The testing needs to be good
In my microprocessor validation job we had a concept of “coverage” to track how well our testing was covering the important interactions in the device-under-test. Basically you need to apply some engineering judgment to the thing you're testing to understand what sort of factors need to be varied. For example, most games let players choose whatever names they want for their characters, but usually this doesn't have any meaningful impact on play, so you probably don't need to worry that you've tested a broad variety of character names. On the other hand, if you've got a class-based system where the players need to operate as a combat team then you probably do want to make sure that you've tested with parties that have several different combinations of character classes because that often has a big impact on how a game plays at the table. If you run a million tests but each one only exercises 5% of your design then you've still got 95% of the design left to test. If your game is straightforward enough that there's not a lot of variance needed to exercise the full scope of possibilities then you may not need many tests.

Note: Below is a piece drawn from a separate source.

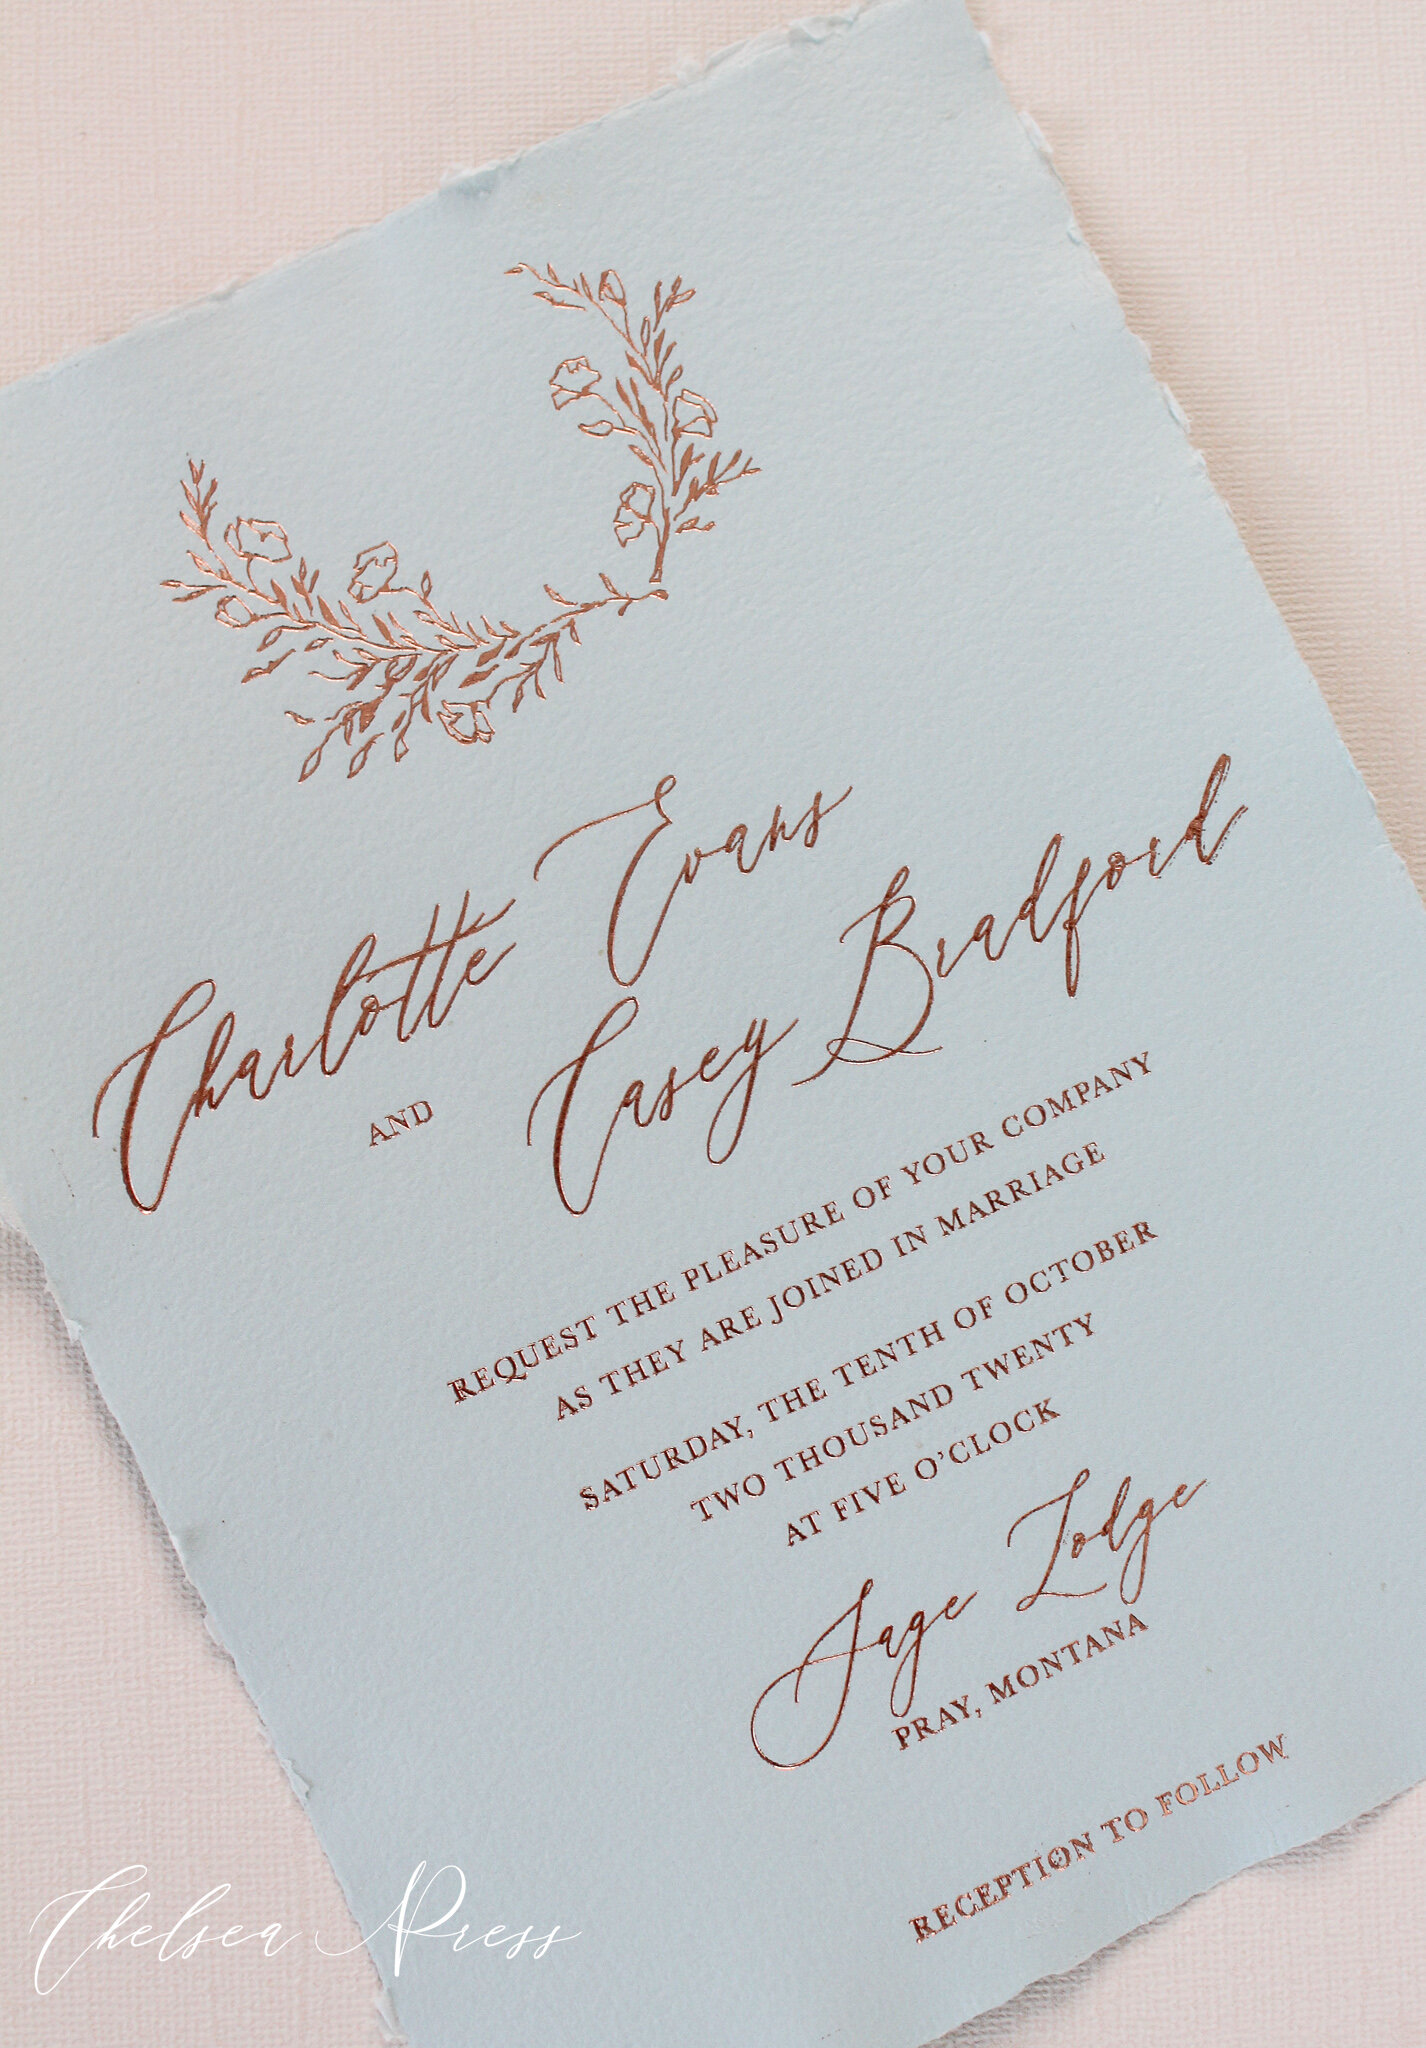 Chelsea Press Invitations-Charlotte and Casey wedding invitation.jpg

The #AprilTTRPGMaker Questions
(From Kira Magrann's twitter)
I will admit that occasionally the temptation to publish stuff without playtesting is pretty large (I've often released not fully playtested things with the caveat that they're still being playtested), but I wish it weren't controversial to say people should playtest.
That's not to say that you need a broad and far-reaching playtest for every game: unless you're WoTC or Paizo that's impractical, but you need to have played the game to understand whether or not it's something you can put out in good faith.
I suspect that several A-list publishers have been skimping on playtesting (or at least, at one point, were, during the end of my time as a game reviewer), and it shows when something just hasn't gotten enough time in development and playtesting.
The most unethical game ever!
I definitely fall into the infinity trap, myself, but that's mostly because editing/polish is much less fun than design iteration.
Based on your writings here and elsewhere, I have a suspicion this belief about playtest ethics is undermining you, and you'd be better off untangling and discarding it. But I'm also pretty sure you see some higher value to it even where its utility is questionable, so carry on!